Combining Multitemporal Sentinel-2A Spectral Imaging and Random Forest to Improve the Accuracy of Soil Organic Matter Estimates in the Plough Layer for Cultivated Land

Abstract

Soil organic matter (SOM) is vital for assessing the quality of arable land. A fast and reliable estimation of SOM is important to predict the soil carbon stock in cropland. In this study, we aimed to explore the potential of combining multitemporal Sentinel-2A imagery and random forest (RF) to improve the accuracy of SOM estimates in the plough layer for cultivated land at a regional scale. The field data of SOM content were utilized along with multitemporal Sentinel-2A images acquired over three years during the bare soil period to develop spectral indices. The best bands and spectral indices were selected as prediction variables by using the RF algorithm. Partial least squares (PLS), geographically weighted regression (GWR), and RF were employed to calibrate spectral indices for the SOM content, and the optimal calibration model was used for the mapping of the SOM content in arable land at a regional scale. The results showed the following. (1) The multitemporal image estimation model outperformed the single-temporal image estimation model.
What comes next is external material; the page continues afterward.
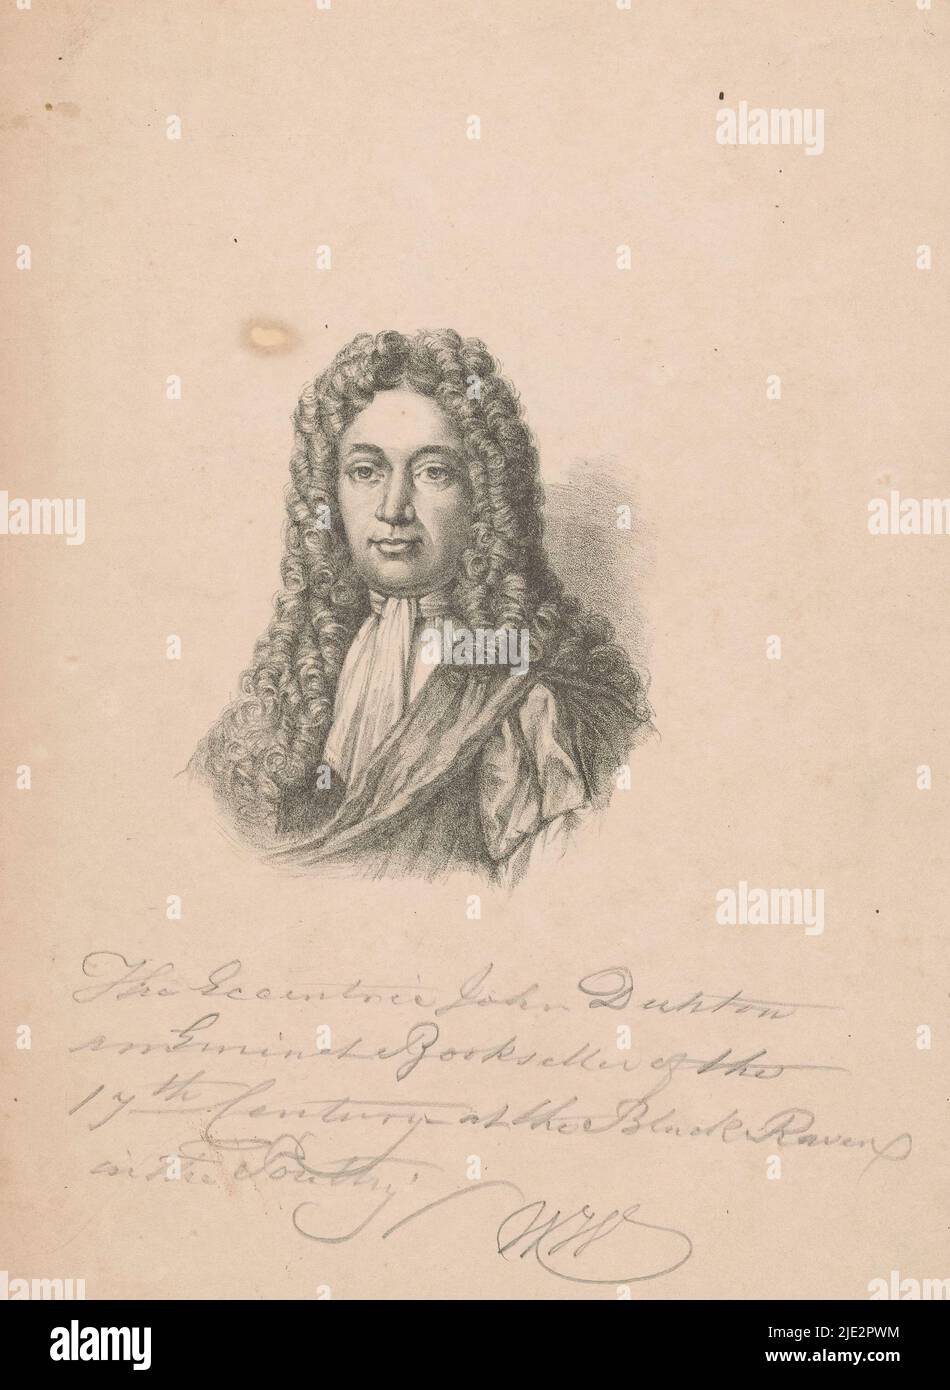 Portrait of John Dunton, bookseller in London, print maker: anonymous, c. 1825 - c. 1900, paper, height 226 mm × width 164 mm Stock Photo

The estimation model that utilized the optimal bands and spectral indices as prediction variables usually had better accuracy than the models based on full spectral data. (2) For the SOM content estimates, the performance was better with RF than with PLS and GWR in almost all cases. (3) The most accurate SOM estimation in the case area was achieved by using multitemporal images from 2018 and the RF calibration model based on the optimal bands and spectral indices as prediction variables, with R2val (coefficient of determination of the validation data set) = 0.67, RMSEval (root mean square error of the validation dataset) = 2.05, and RPIQval (ratio of performance to interquartile range of the validation dataset) = 3.36. (4) The estimated SOM content in the plough layer for cultivated land throughout the study area ranged from 16.17 to 36.98 g kg−1 and exhibited an increasing trend from north to south. In the current study, we developed a framework that combines multitemporal remote sensing imagery and RF for the SOM estimation, which can improve the accuracy of quantitative SOM estimations, provide a dynamic, rapid, and low-cost technique for understanding soil fertility, and offer an early warning of changes in soil quality.